* [Task statement] In the listing that follows, give every line again exactly and omit the pictures.

* [Dataset content]

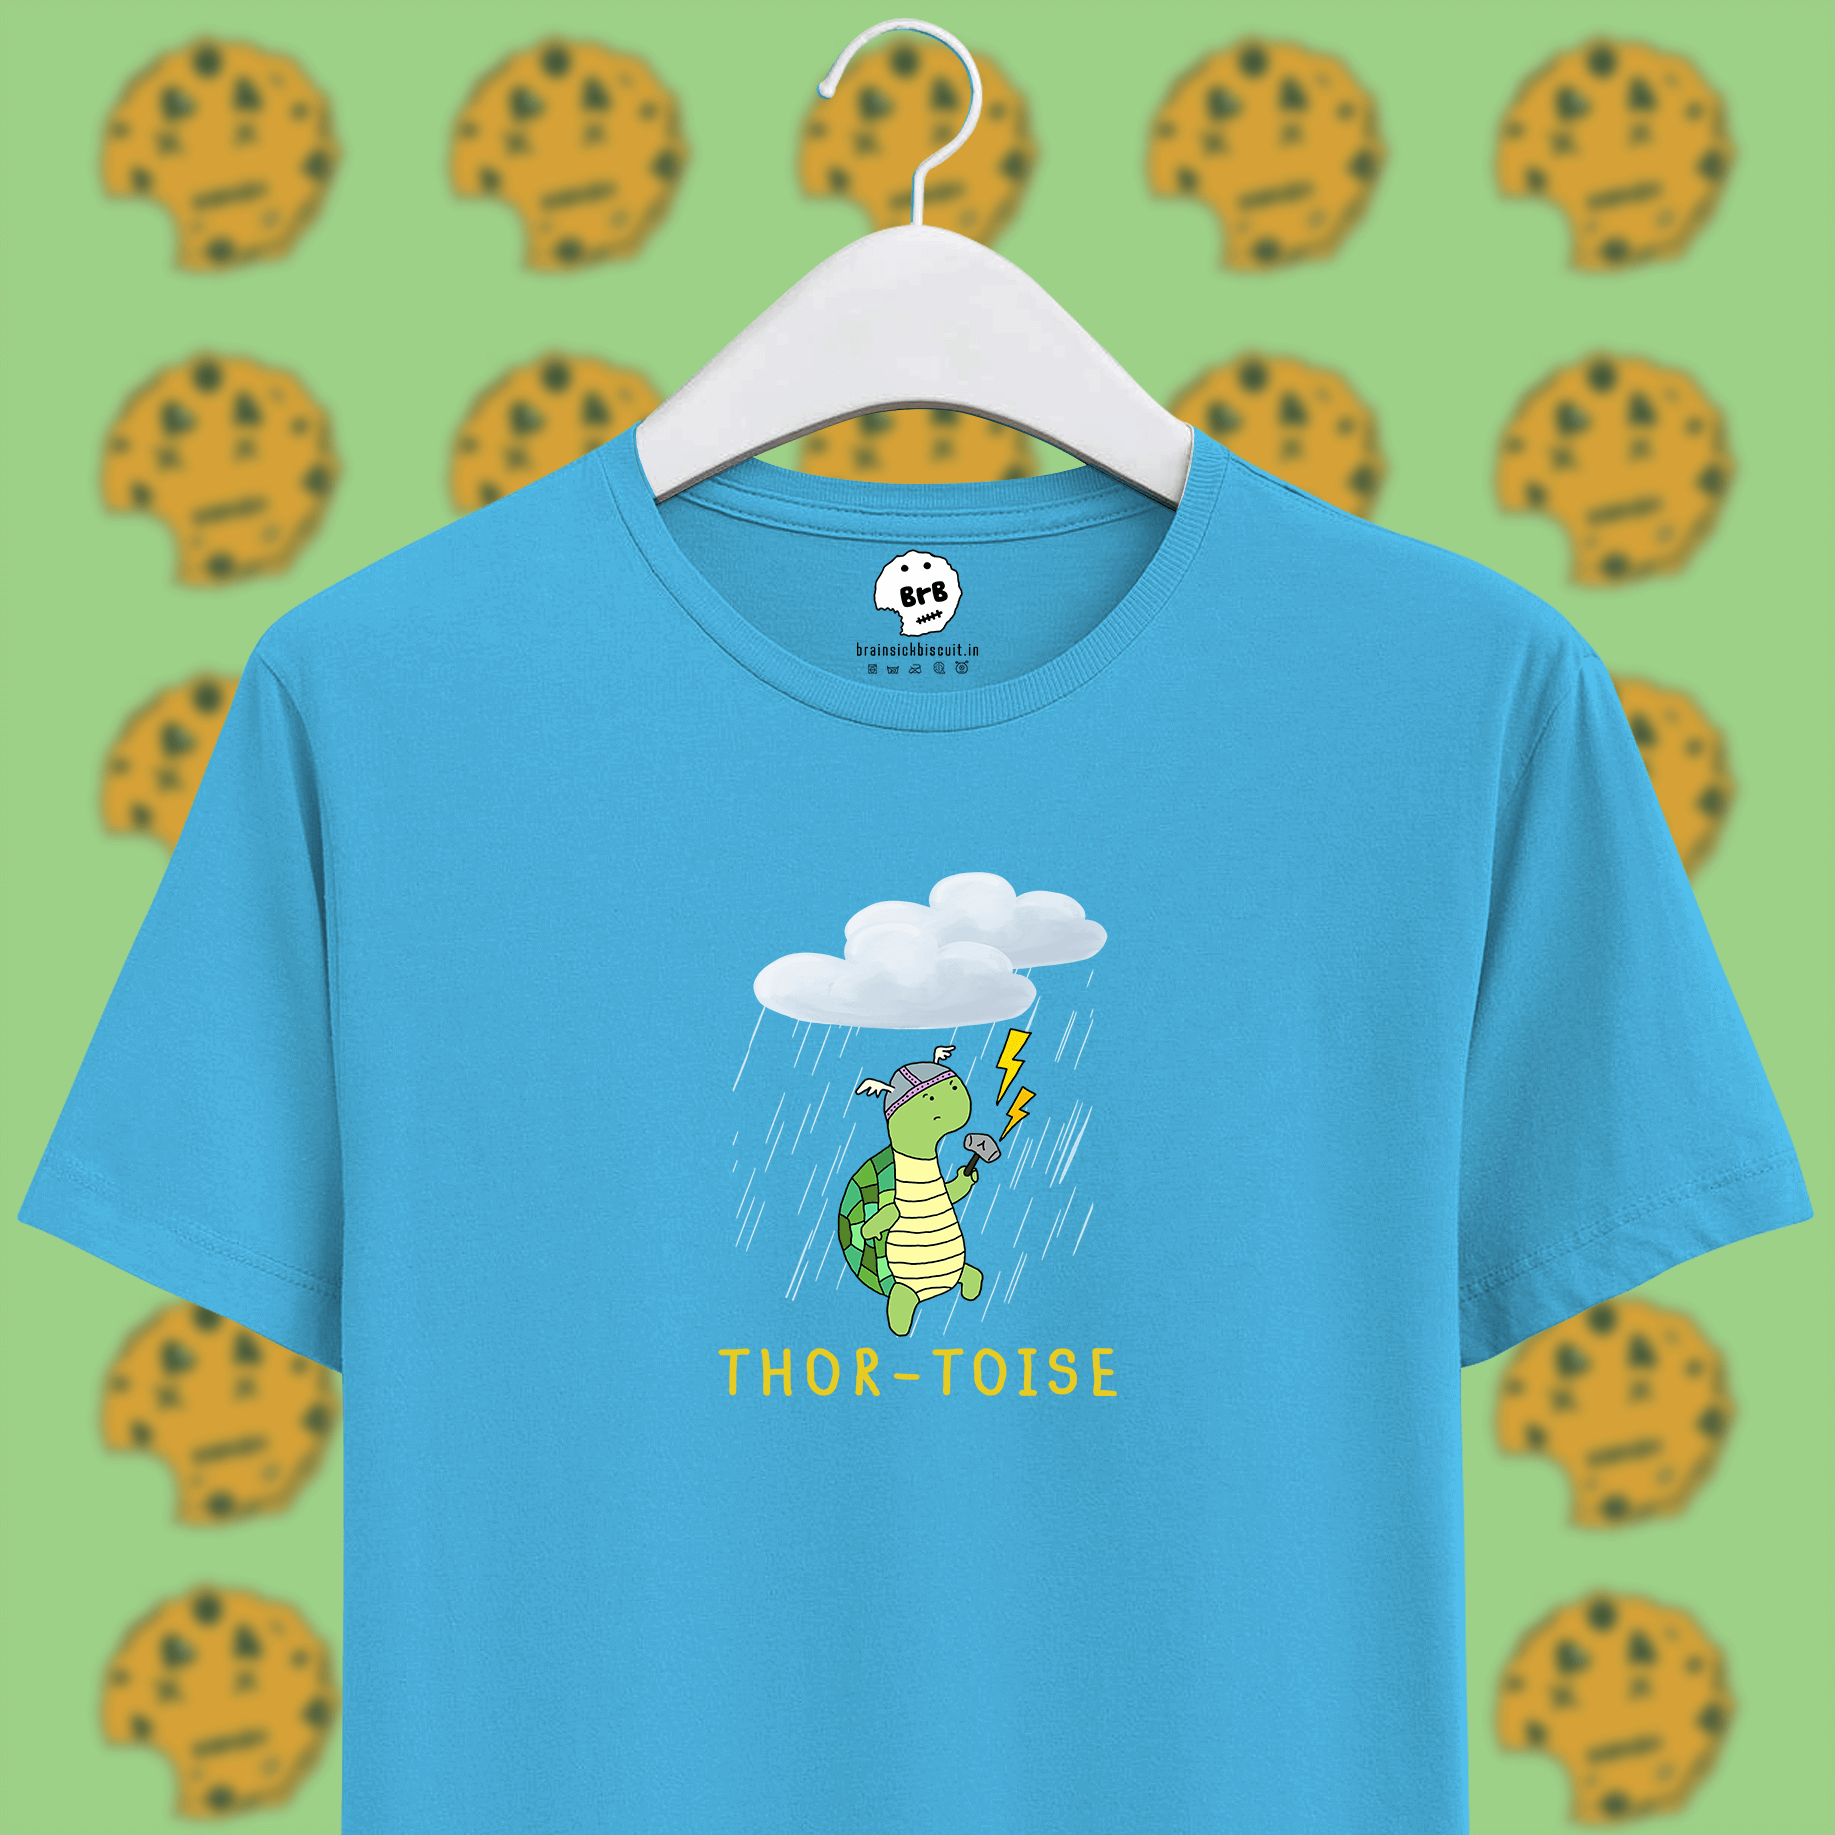 thortoise marvel joke pun on sky blue colour unisex t-shirt with rain and lightning and clouds with animated tortoise holding thor's hammer.
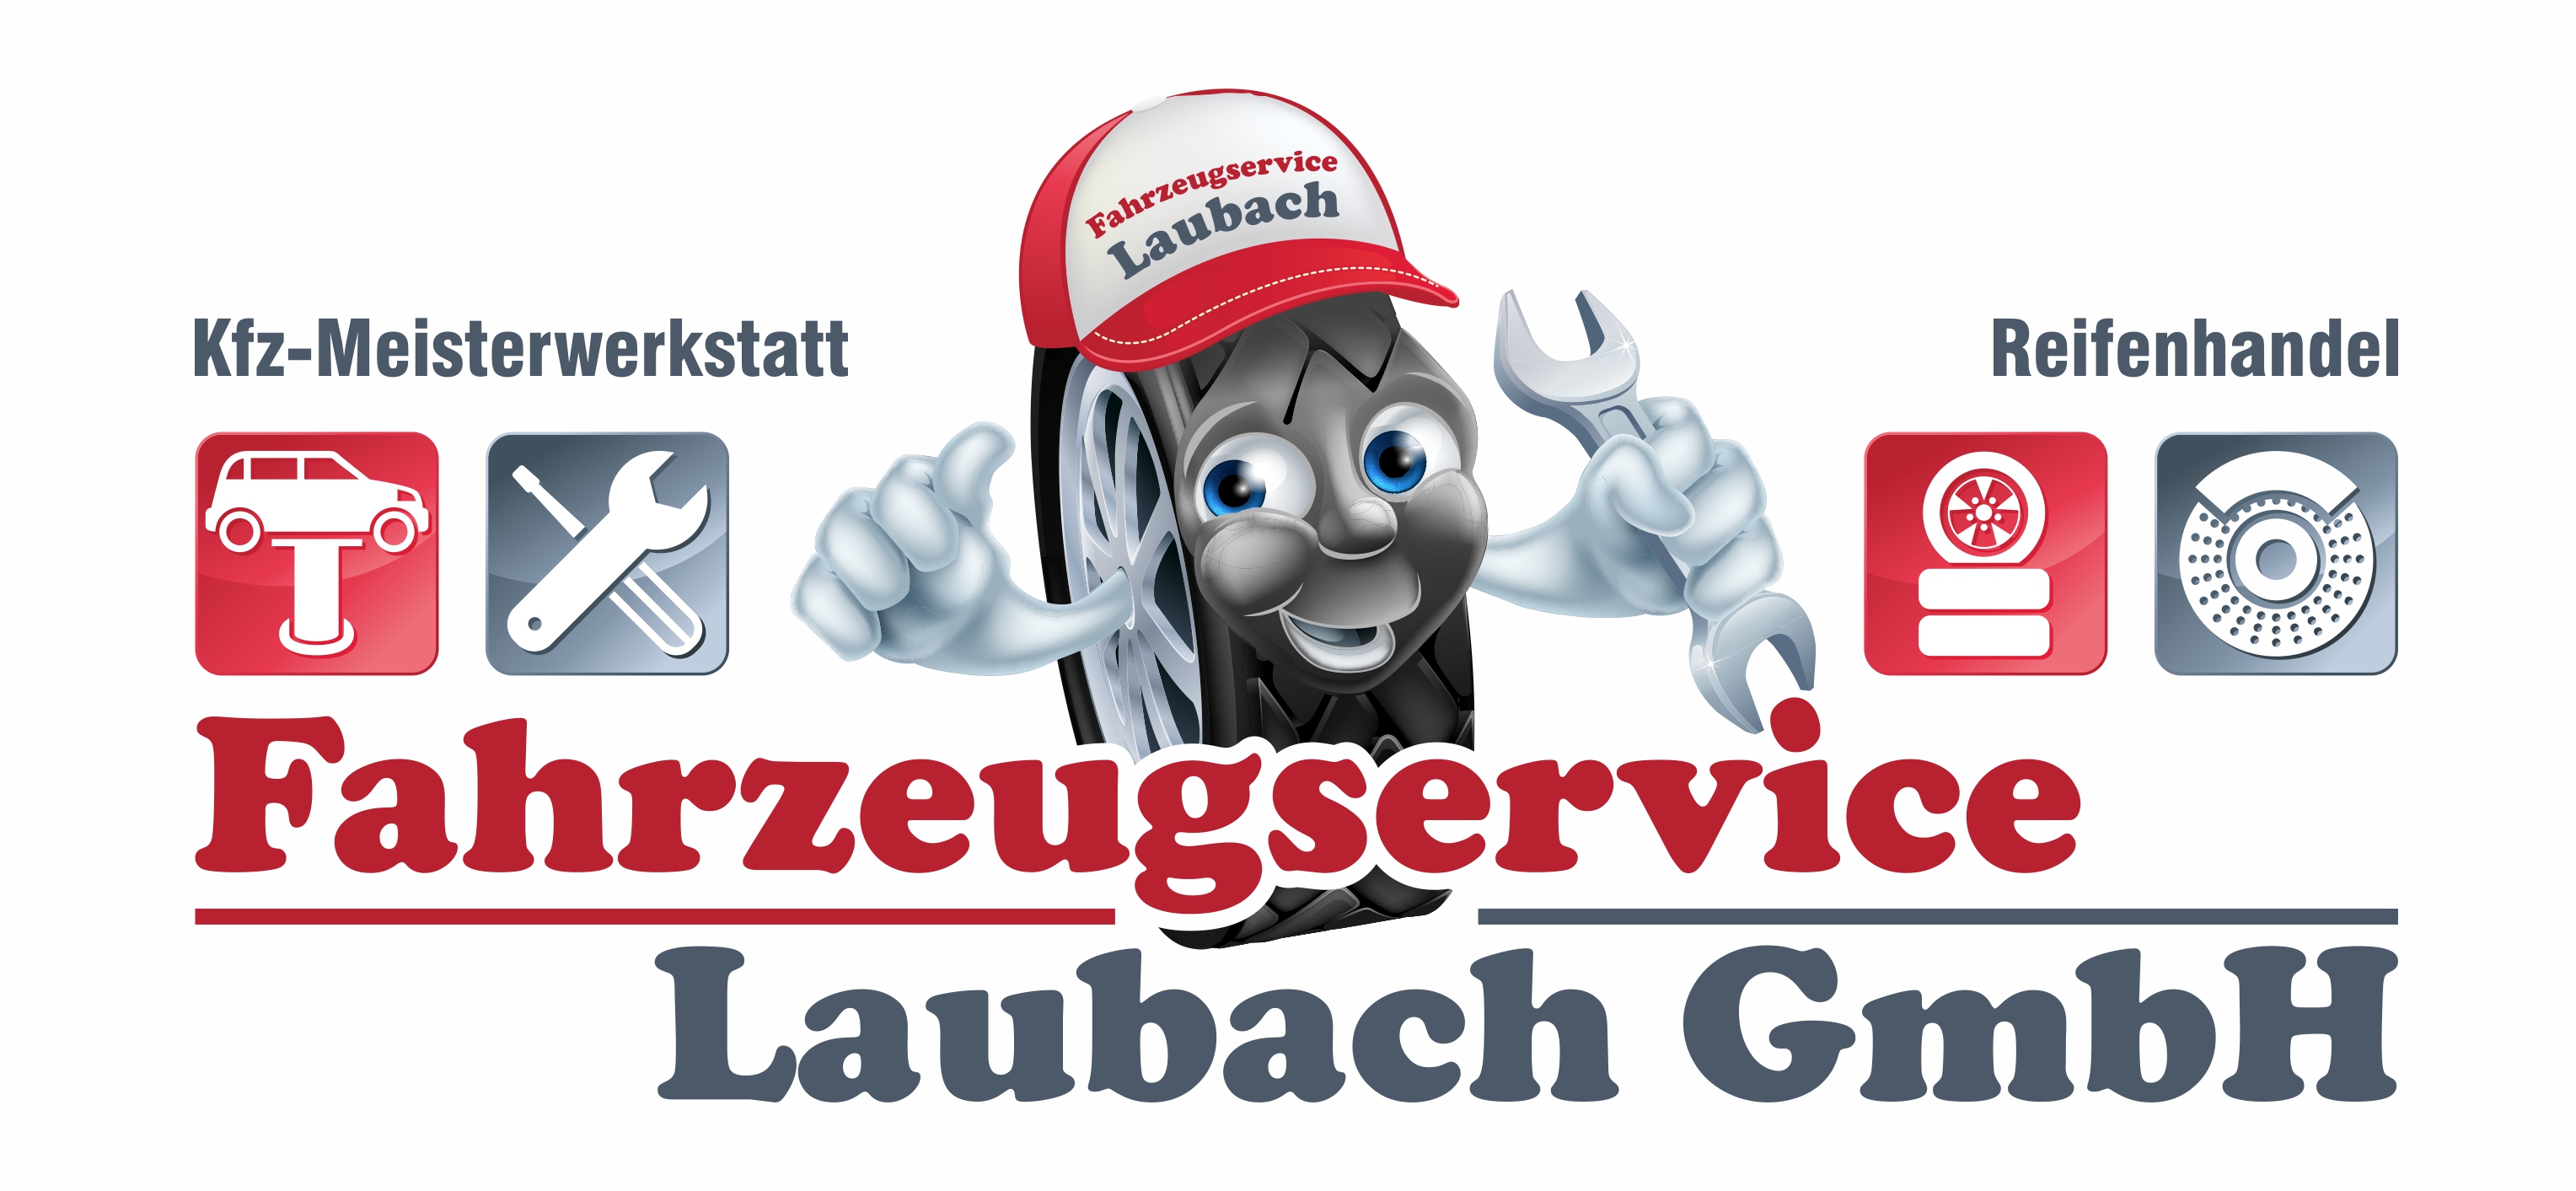 Fahrzeugservice Laubach GmbH logo
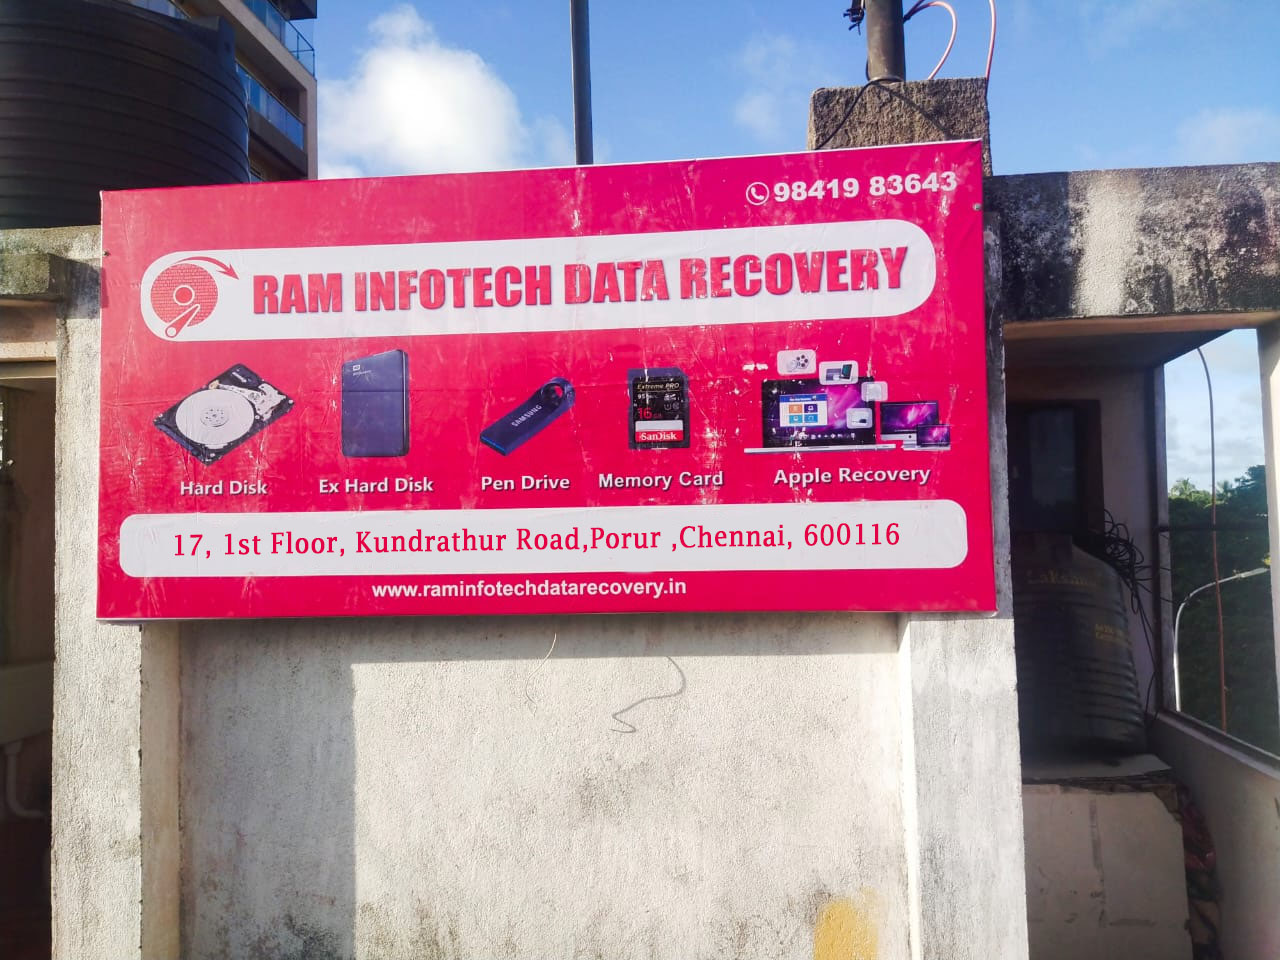 Raminfotech Data Recovery in porur in Chennai

* [Task solution]
 thortoise marvel joke pun on sky blue colour unisex t-shirt with rain and lightning and clouds with animated tortoise holding thor's hammer.
 Fahrzeugservice Laubach GmbH logo
 Raminfotech Data Recovery in porur in Chennai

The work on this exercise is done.